Friday, November 1, 2024

Yahoo embraces OpenID as login standard

The Yahoo ID used by its members to login to services like Flickr and Yahoo Mail will soon be usable to authenticate to sites supporting the OpenID standard.

A Yahoo ID will provide a single sign-in to OpenID. By the end of January, that Yahoo ID should be sufficient for the portal’s 248 million global members to sign in to the 9,000 sites using the OpenID 2.0 digital standard.

But the reverse path, signing into Yahoo with an existing OpenID, of which about 120 million exist, appears to be closed according to TechCrunch:

“This is just the first step in working with OpenID,” Yahoo Director of Membership and Registration Raj Patel said to me on a phone interview yesterday. But he would not confirm when (or if) Yahoo would also allow become what is called a “relying party” (allowing users with third party OpenIDs to log in to Yahoo). He did say that the goal was to move in that direction, but gave no further guidance.

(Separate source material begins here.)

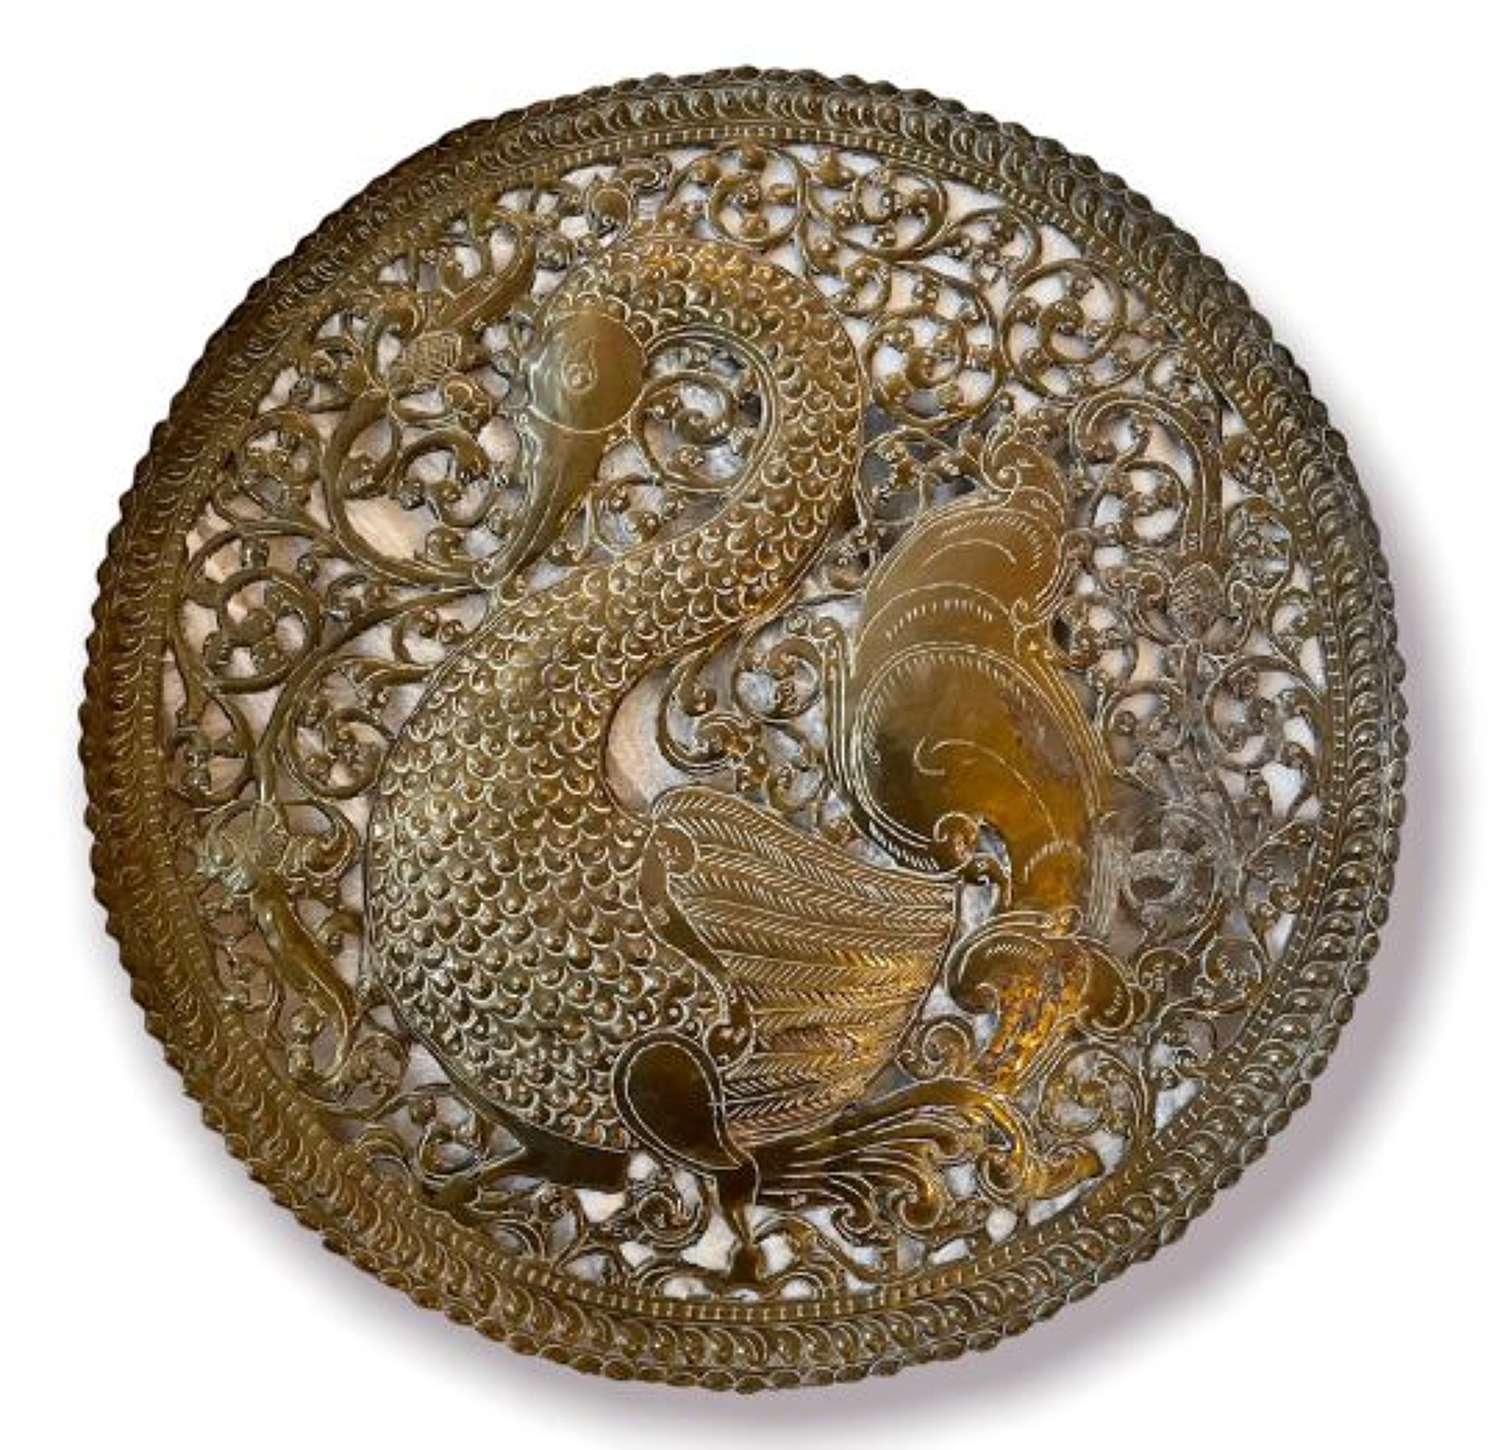 Antique brass panel depicting a swan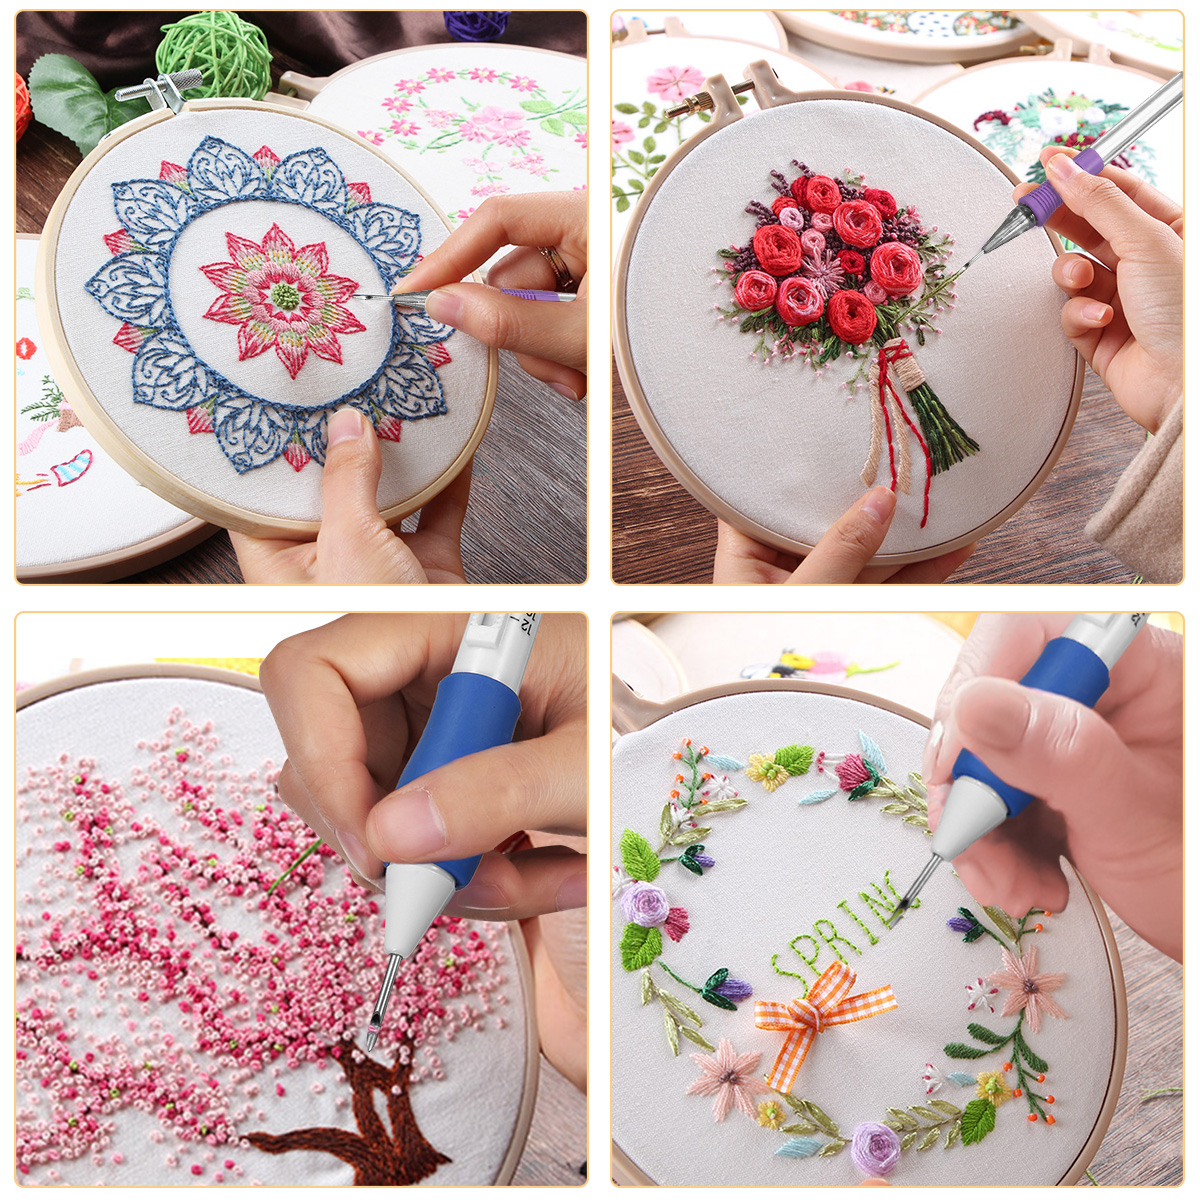 Diy Embroidery Patterns Magic Embroidery Pen Punch Needle Set Embroidery Patterns Punch Needle Kit Knitting Sewing Diy Tool

Plaxo’s Joseph Smarr said Yahoo’s move “paves the way for a secure approach to data portability between the various services people use across the web.” Plaxo, along with Microsoft, Sun, and AOL, supports the OpenID approach.

We appreciate the utility of federating a single sign-in across network resources. But we have concerns about the tradeoff of ease of use for convenience, always a tricky balance to find. One poorly made OpenID password discovered by a  malicious person could lead to all kinds of havoc being created for the real person behind the OpenID.